Im Jahr 1941 in eine einflussreiche Familie hineingeboren, gehört Lari zur Elite Pakistans, ihr Studium absolvierte sie Anfang der 1960er Jahre in Oxford. Als sie 1964, gerade einmal Mitte zwanzig, in Karatschi ihr Büro Lari Associates gründete, war sie die erste pakistanische Frau im Architekturberuf. Diese Tatsache gepaart mit einem starken familiären Unterstützungssystem habe dazu beigetragen, dass sie schnell hochkarätige Planungsaufträge erhielt und viele Türen offen standen: „Wenn ich mich mit gleichaltrigen Architektinnen in Europa vergleiche, dann hatten sie wahrscheinlich mehr Schwierigkeiten als ich“, sagt Lari in einem ihrer vielen Interviews. Als Lari ihre Berufslaufbahn begann, befand sich das 1947 nach dem Ende der britischen Kolonialherrschaft gegründete Pakistan mitten im Aufbau.

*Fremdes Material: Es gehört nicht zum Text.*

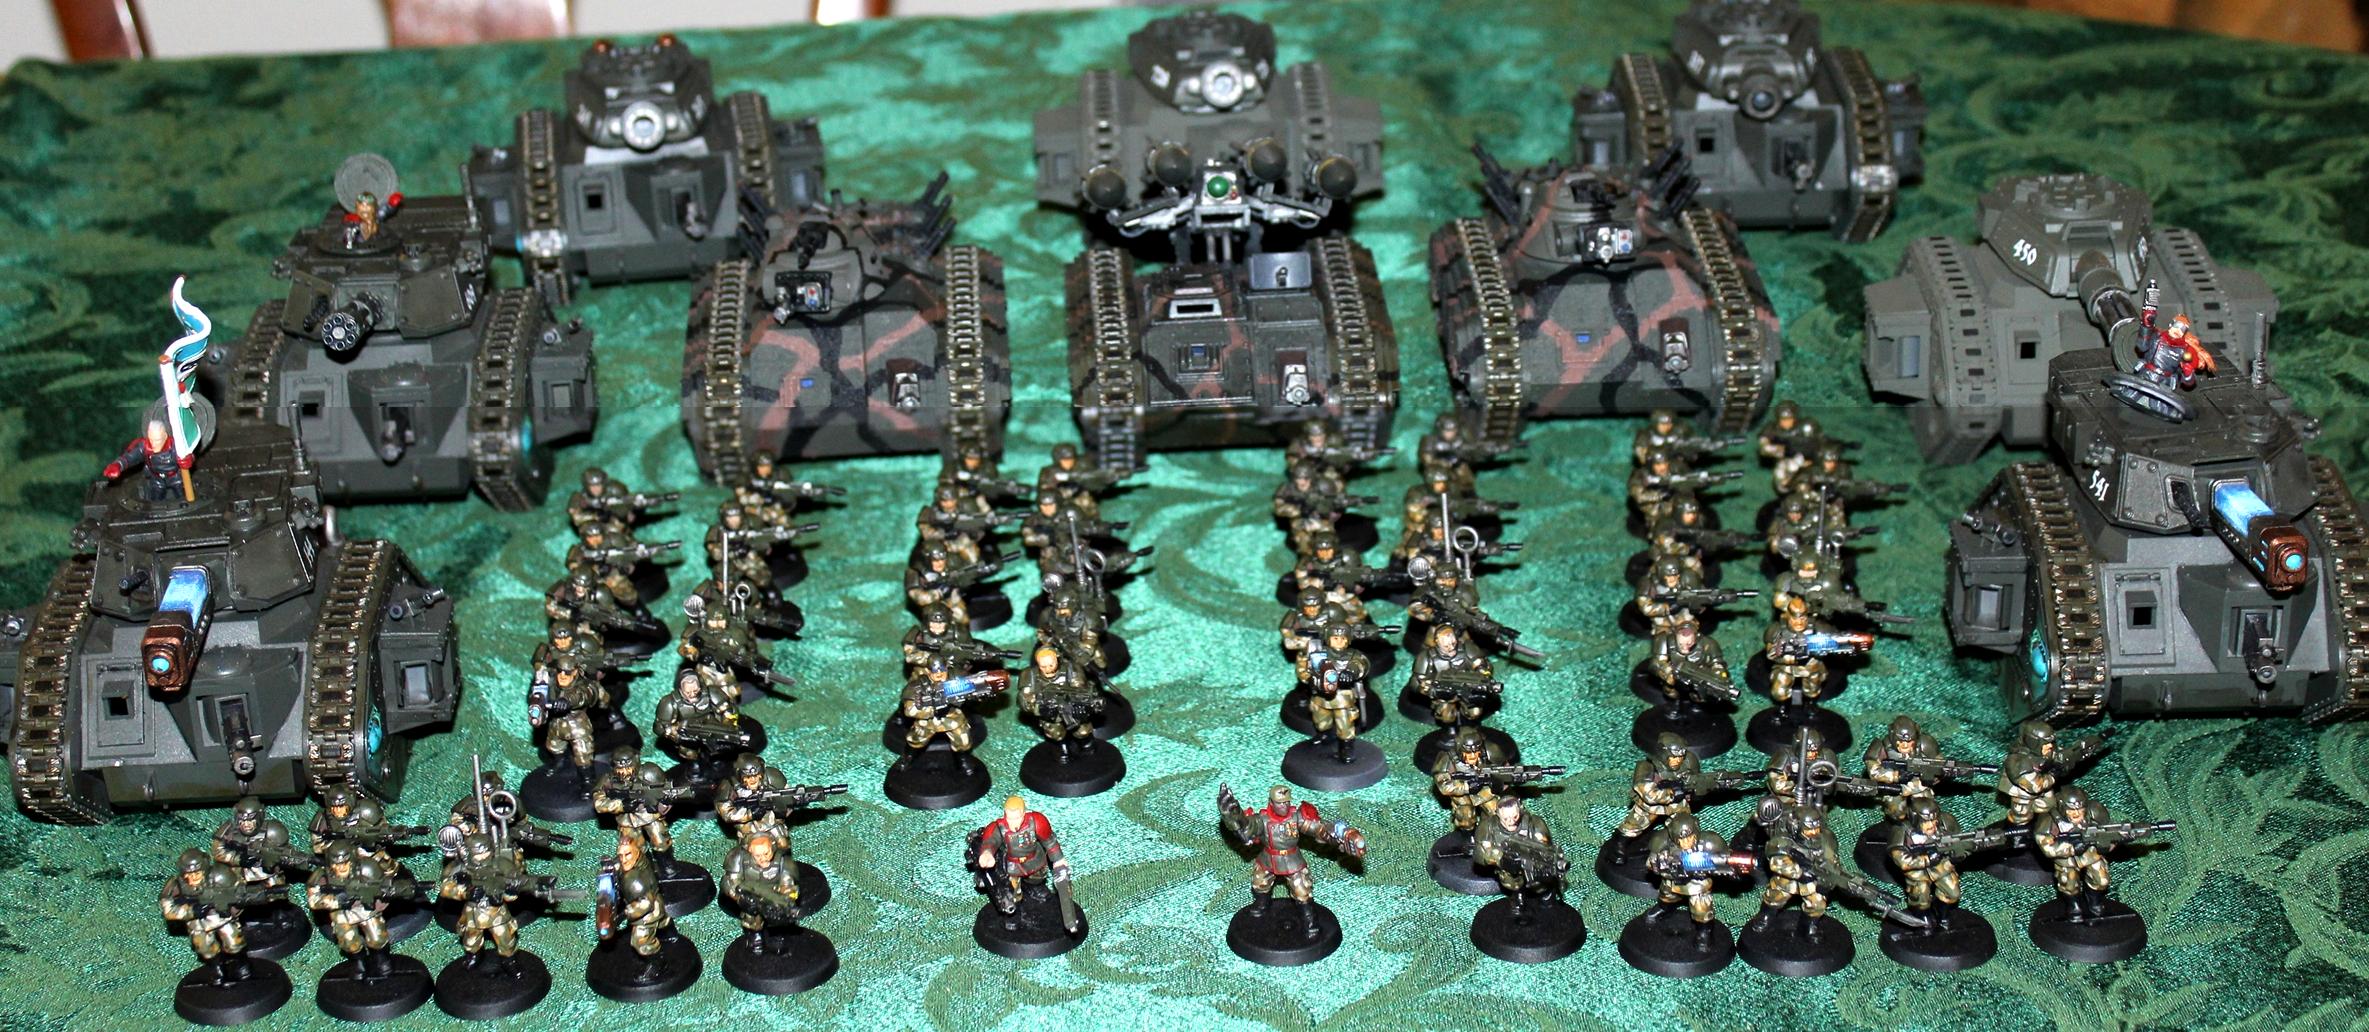 87th, Astra Militarum, Camouflage, Chimera, Deathstalkers, Fedrid, Forest, Guardsmen, Imperial Guard, Infantry, Leman Russ, Manticore, Tank Commander
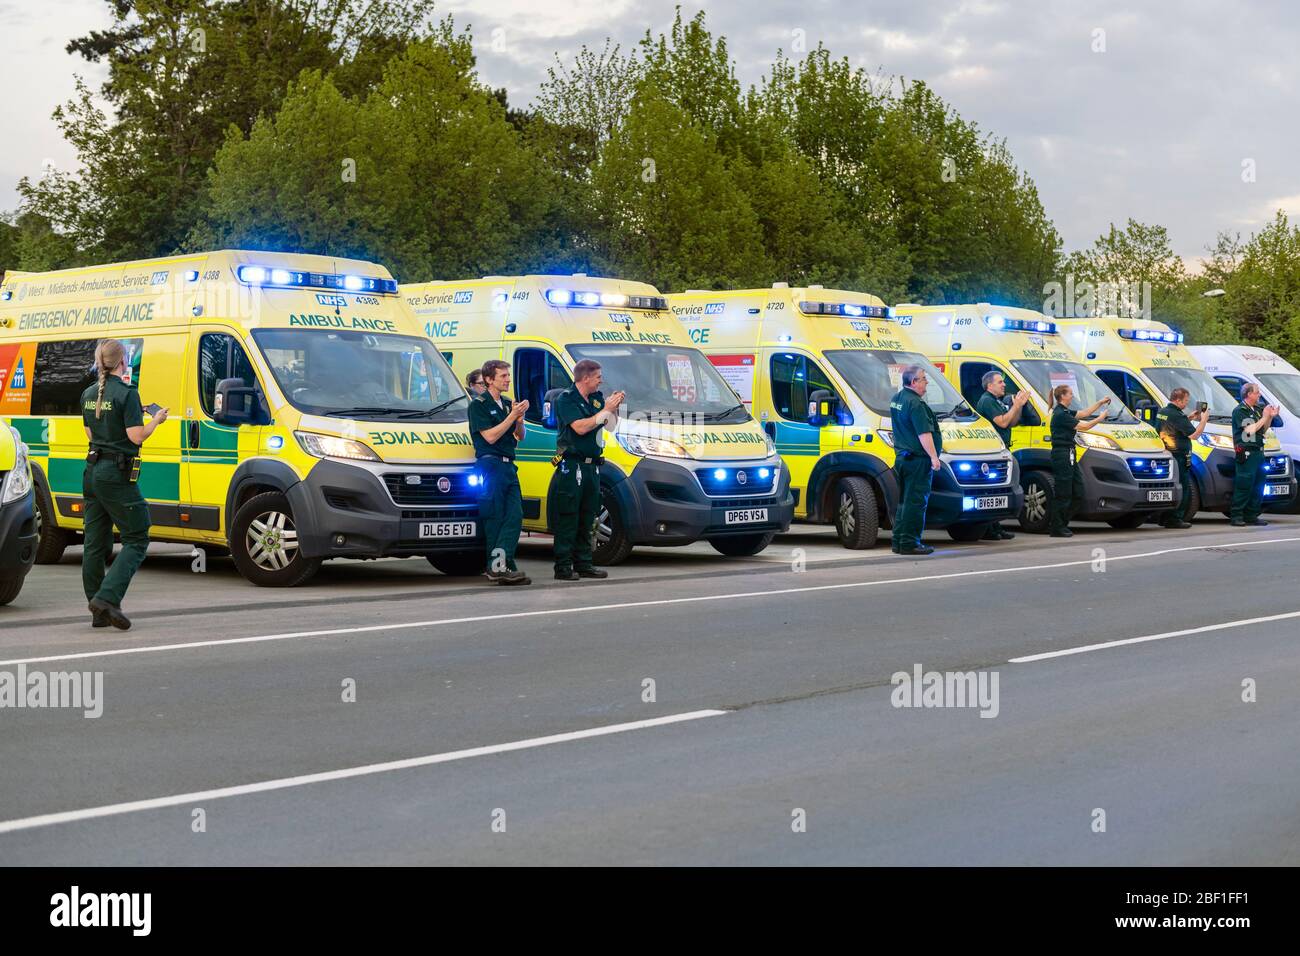 Clap for our carers at 8pm on Thursday. Ambulance crews applaud NHS hospital staff, UK. Clap for healthcare workers. Stock Photo

Was Architektur und Stadtplanung betraf, orientierte sich der junge Staat, der noch keine Ausbildungsinstitute besaß, an westlich geprägten Vorstellungen von Modernität und Fortschritt. Modernistische Betonbauten wie der in den 1950ern errichtete Kapitol-Komplex von Le Corbusier im indischen Chandigarh setzten den Maßstab – auch für Lari. „Le Corbusier war unser Gott“, erzählt sie über ihre Studienzeit in Europa. „In England wurden wir darauf trainiert, ein aufgeblasenes Ego zu haben und möglichst spektakuläre Bauten zu entwerfen.“
Das tat Yasmeen Lari mehrere Jahrzehnte lang. In Split-Leveln, mit abgestuften Terrassen baute auch sie in ihrer Heimat gemäß dem damaligen State of the Art. Ihr eigenes Haus, 1973 in Karatschi aus Beton und Ziegeln errichtet, gilt als wichtiges Beispiel des Brutalismus in Pakistan. Die unkonventionelle Stadtvilla mit dramatischer Geometrie in Form eines Polygons, aus dem bis zu 6 Meter lange Balkone ragen, schaffte es gar unter die 750 Architekturikonen des „Phaidon Atlas of 20th Century World Architecture“.
Doch diese Architektur der großen Gesten trägt gegenwärtig massiv zur Klimakrise bei, Yasmeen Lari zufolge ist sie nicht mehr zeitgemäß: „Was wir heute brauchen, sind keine imposanten Megastrukturen, sondern praktische Lösungen für Krisenzeiten“, sagt sie. Lösungen sieht sie in traditionellen Konstruktionstechniken und lokal verfügbaren Materialien. Architektur sollte an gegenwärtige klimatische Herausforderungen angepasst sein und von denjenigen mitentwickelt werden, die das Gebäude auch nutzen.
Die Ausstellung
Yasmeen Lari. Architektur für die Zukunft.
Architekturzentrum Wien. Bis 16. August 2023. Katalog (englisch) 39 Euro.